J Allergy Clin Immunol. 2020 Jul 22:S0091-6749(20)31027-7. doi: 10.1016/j.jaci.2020.07.009. Online ahead of print.
BACKGROUND: Coronavirus disease 2019 (COVID-19) has rapidly become a global pandemic. Since the severity of the disease is highly variable, predictive models to stratify patients according to their mortality risk are needed.
OBJECTIVE: To develop a model able to predict the risk of fatal outcome in COVID-19 patients, which could be used easily upon arrival of patients to the hospital.
METHODS: We constructed a prospective cohort with 611 adult patients diagnosed with COVID-19 between March 10 and April 12, 2020, in a tertiary hospital in Madrid, Spain. We included in the analysis 501 patients who had been discharged or had died by April 20, 2020. The capacity to predict mortality of several biomarkers, measured at the beginning of hospitalisation, was assessed individually. Those biomarkers that independently contributed to improve mortality prediction were included in a multivariable risk model.
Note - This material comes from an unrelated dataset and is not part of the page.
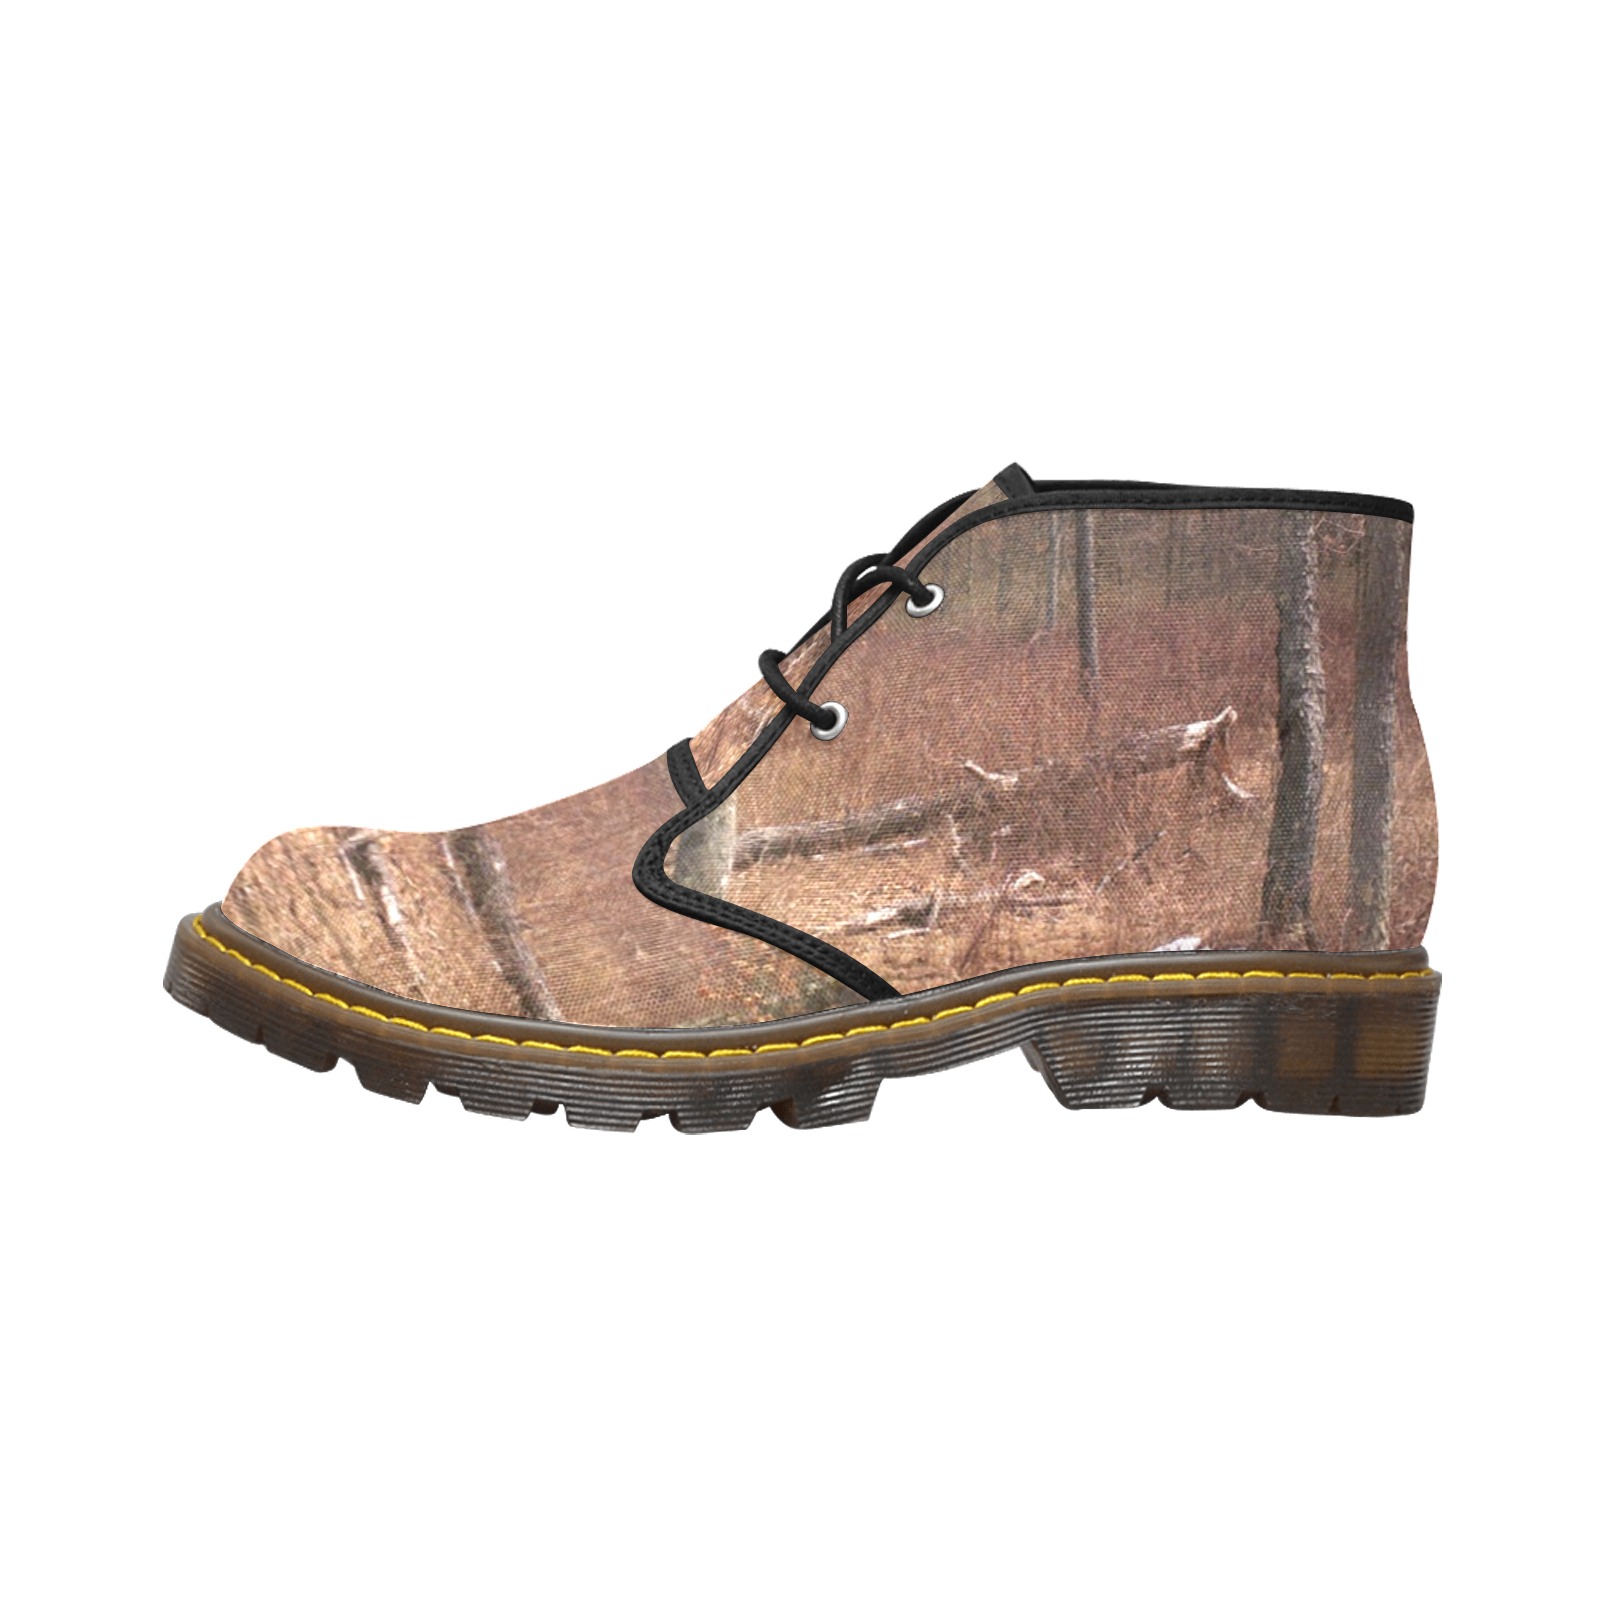 Falling tree in the woods Men's Canvas Chukka Boots (Model 2402-1)

RESULTS: High interleukin-6 (IL-6), C-reactive protein, lactate dehydrogenase (LDH), ferritin, D-dimer, neutrophil count, neutrophil-to-lymphocyte (N/L) ratio, and low albumin, lymphocyte count, monocyte count and peripheral blood oxygen saturation/fraction of inspired oxygen ratio (SpO2/FiO2), were all predictive of mortality (area under the curve (AUC)>0.70). A multivariable mortality risk model including SpO2/FiO2, N/L ratio, LDH, IL-6, and age, was developed and showed high accuracy for the prediction of fatal outcome (AUC=0.94). The optimal cut-off reliably classified patients into survivor and non-survivor, including patients with no initial respiratory distress, with 0.88 sensitivity and 0.89 specificity.
CONCLUSION: This mortality risk model allows early risk stratification of COVID-19 hospitalised patients, before the appearance of obvious signs of clinical deterioration, and can be used as a tool to guide clinical decision-making.